Cecil tilted his head out the driver’s side window and felt the wind run its invisible fingers through his bushy hair. The road was empty, had been for hours now, and the land around him was flatter than a token penny from a tourist trap press. Here and there thin shrubs fought for life, but mostly there was just the desert.

Cecil didn’t mind the flatness or the monotony. He had mastered the art of sorting through and switching cassettes without looking away from the road a long time ago. One tape finished, and he put in a cassette with ‘Mixtape No. 5’ written on the sticker in blue pen. In the backseat, his only good suit flapped and fluttered. He had forgotten a suit cover, he realized, and then decided it didn’t matter so much after all.

He took his foot off the gas and let his machine coast. His car had always served him well, but more than that he liked it because it seemed to have personality. It always idled high, riding 1200 rpm even after a full day of driving.

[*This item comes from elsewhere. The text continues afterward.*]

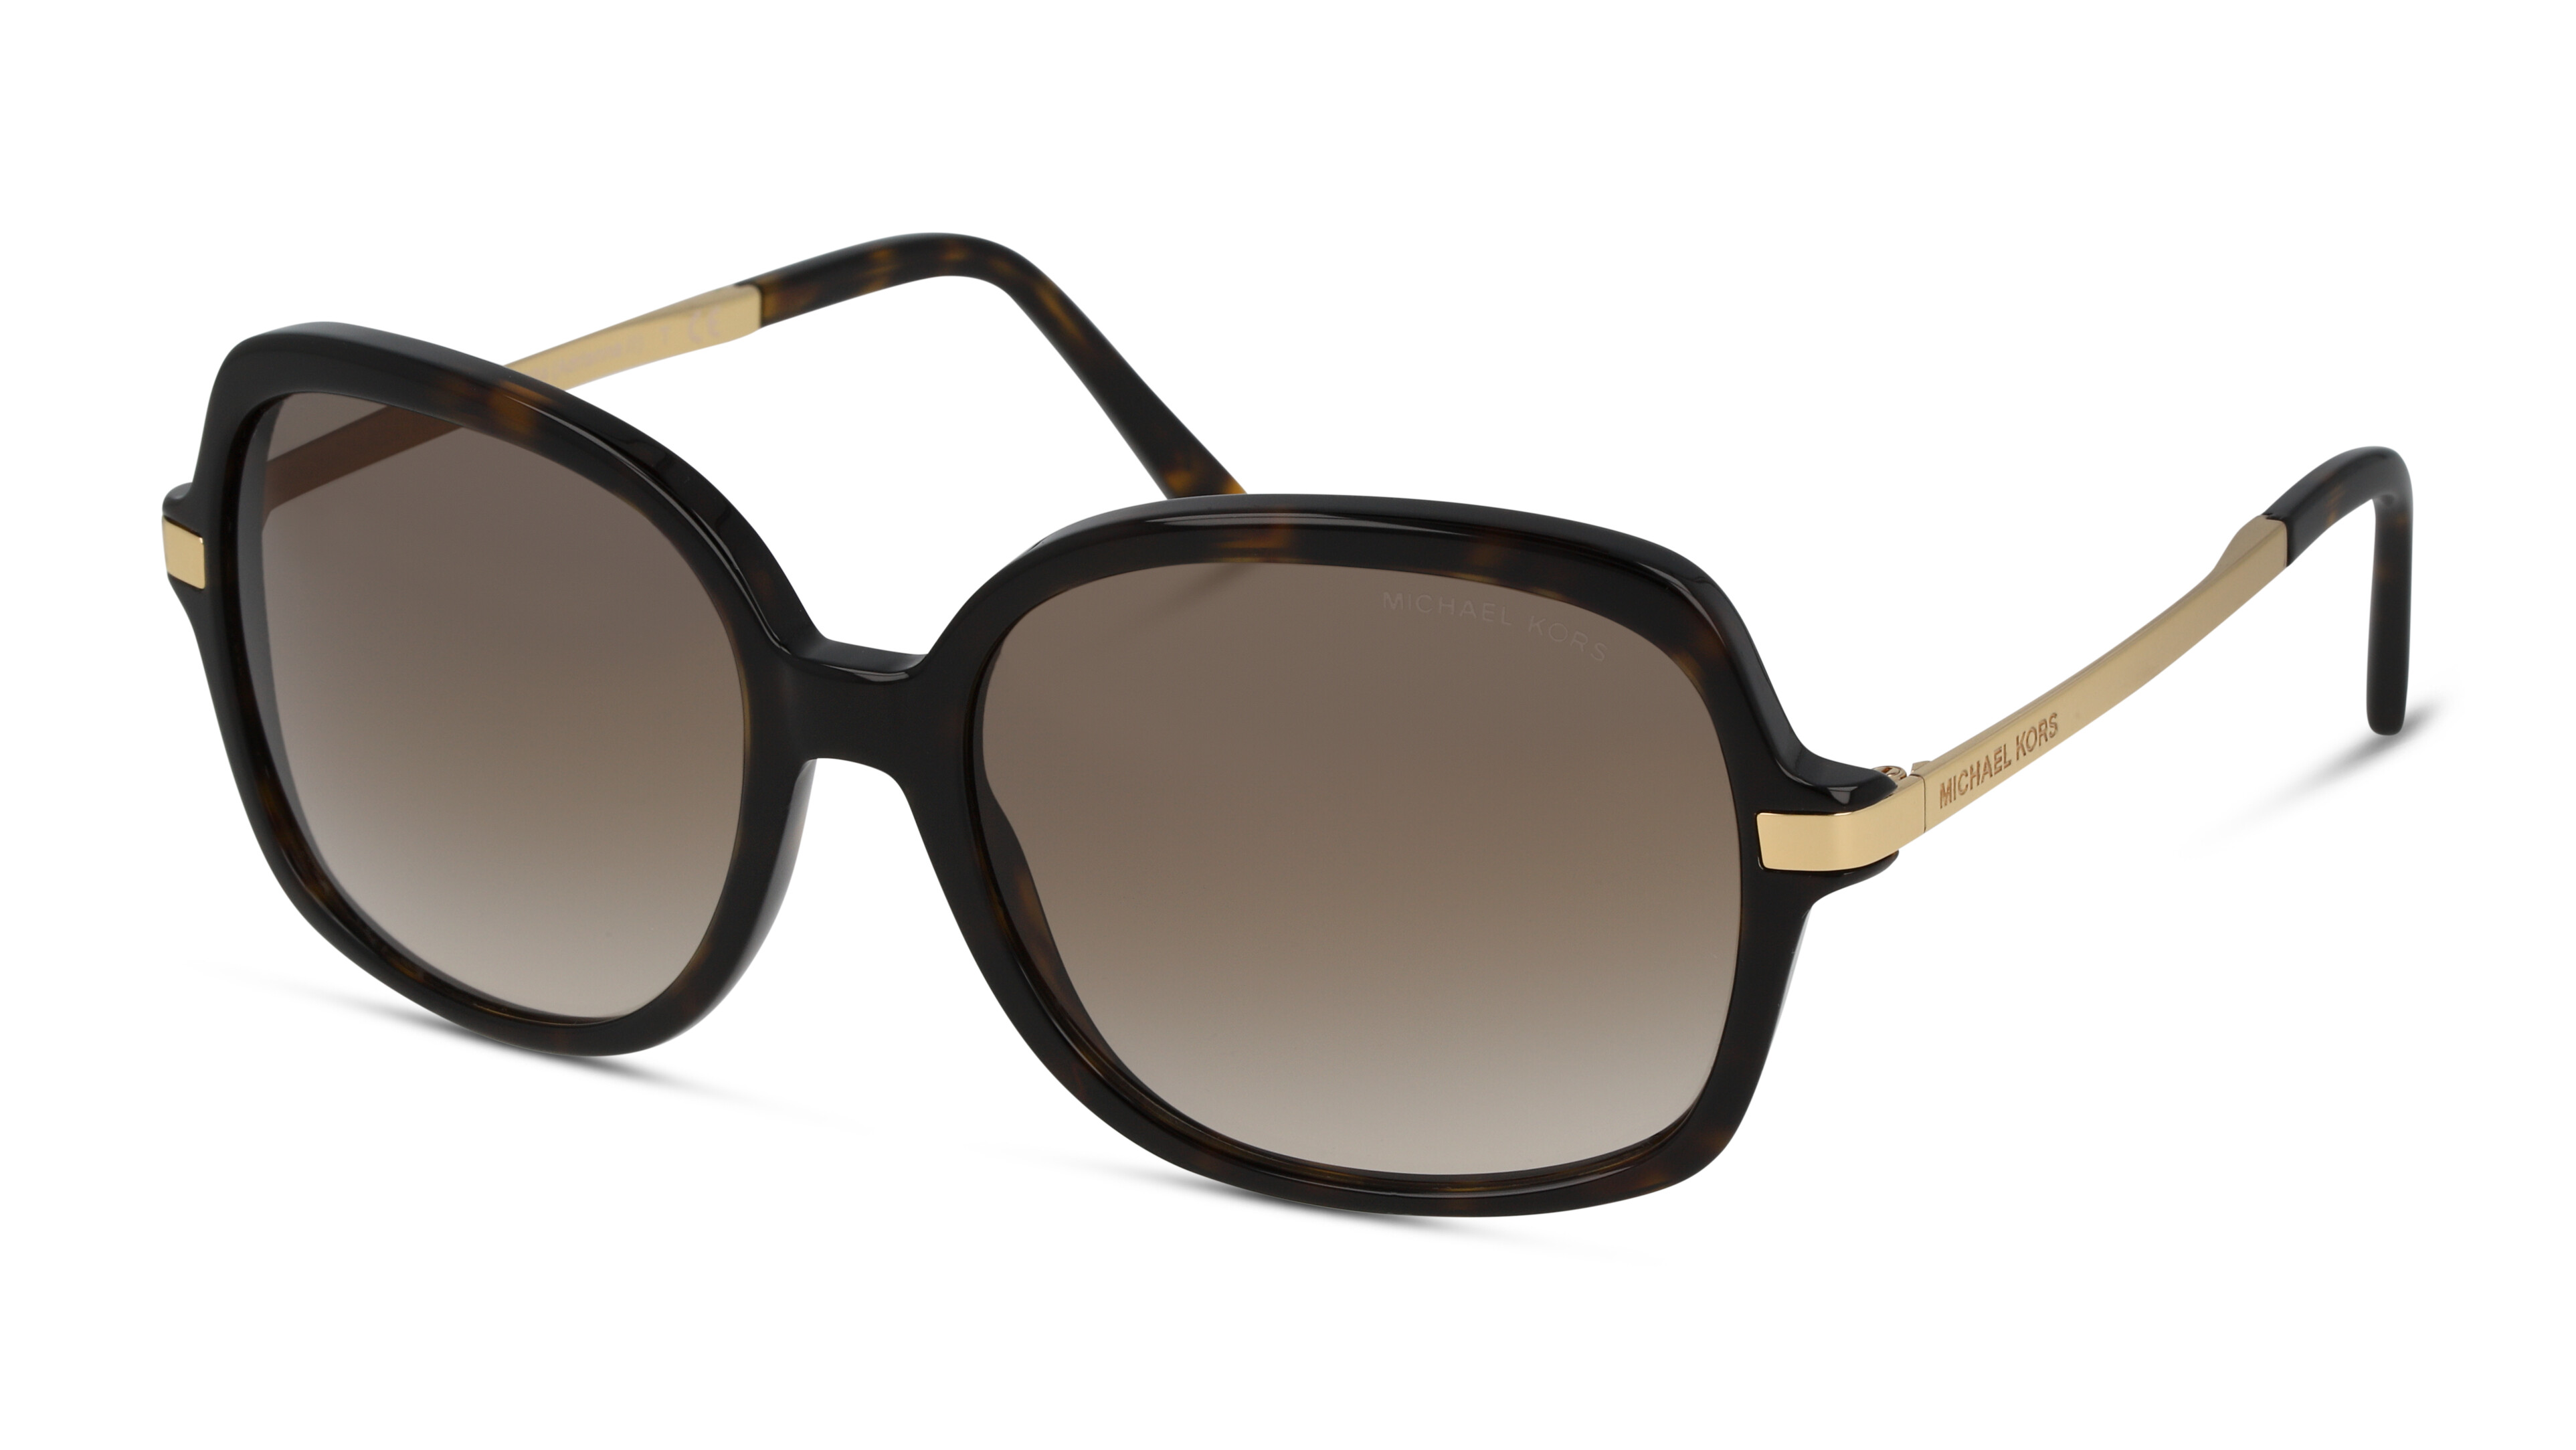 [products.image.angle_left01] Michael Kors ADRIANNA II 0MK2024 310613 Sonnenbrille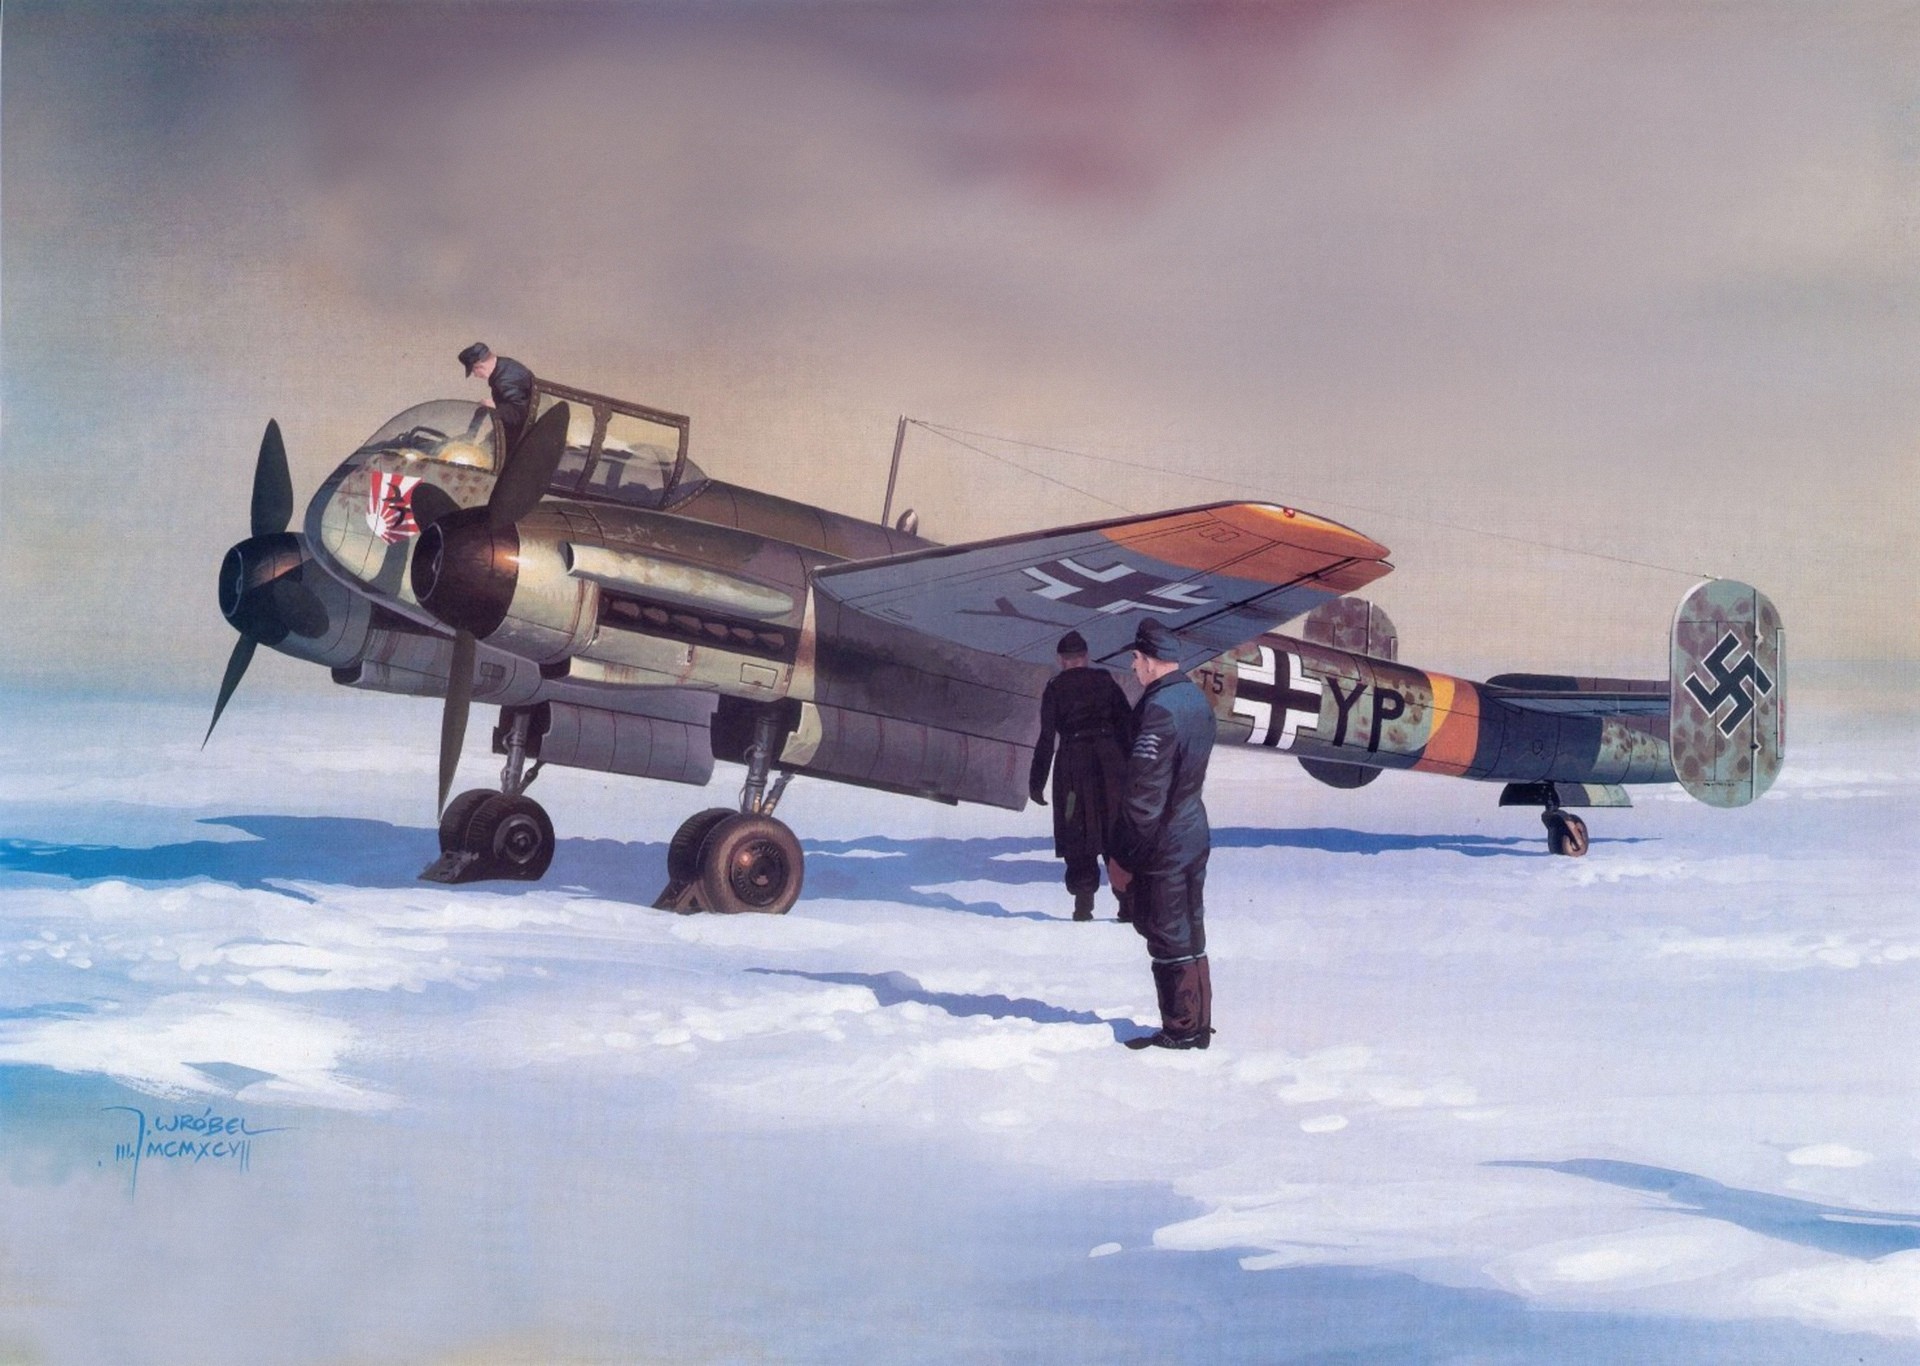 General 1920x1366 World War II airplane aircraft military military aircraft Luftwaffe winter snow cold vehicle military vehicle German aircraft Arado Germany standing sky men soldier

Cecil liked this because when he took his foot off the brake the car would push forward like a horse that was anxious to trot. He had to hold down on the brake, really push down, to calm the beast. It took a little extra gas to get this furiosity, but he paid the price without a complaint.

He looked in the back seat to check on Addie, the baby. She was still wrapped up in her yellow fleece blanket, and still sound asleep. There was a little smudge of red on the left side of her chin. I can clean that off when we stop, Cecil thought, resting his elbow on the windowsill, and cupping the back of his neck. The vibration of the car rattled through his shoes, and it made him feel safer. It’s going to be okay, he thought, trying not to think about the fight, and how Sara had screamed at him, making the girls hide in their rooms. He thought he could hear them mumbling in there, maybe praying. She had gotten a knife from the drawer and told him to leave, and he had tried to reason with her. His eyes started to water with memory, but he clamped his jaw. Can’t cry, have to drive, he thought, and sniffled and blinked his way through the next two songs.

There was an orange pill bottle rolling around on the floor of the passenger seat among some crumpled envelopes. He wanted to pick up the pills, it was way past the time he should have taken one, but he didn’t dare take his eyes off the road with the kid in the backseat, and his whole life.

He had known something was wrong as he pulled up the car, nothing looked out of the ordinary, but he had a bad feeling in his gut. Cecil walked down to the mailbox, and was swarmed by crumbled letters that had been stuffed in until the door would just barely close. They were all from Sara going out to different people she had in her red leather address book: her mother, her sisters and brothers, Cecil’s mother and father, people that he worked with and people that she volunteered with. He took them out of the box, and making sure that no one was watching him from the house, tossed them through the open window into the passenger seat of the car. When they were out of his hands, he tore one open. It was a typed page, and obviously one of many copies that had been painfully retyped over and over.

To whom it may concern,

It takes all the courage I have to write you this letter, but you should know that Cecil Burrowitz is a lying cheating scoundrel who is not even good enough to go to hell. He cuts me and hurts the children and I can’t take it anymore. Someone needs to kill Cecil before he kills me or the babies.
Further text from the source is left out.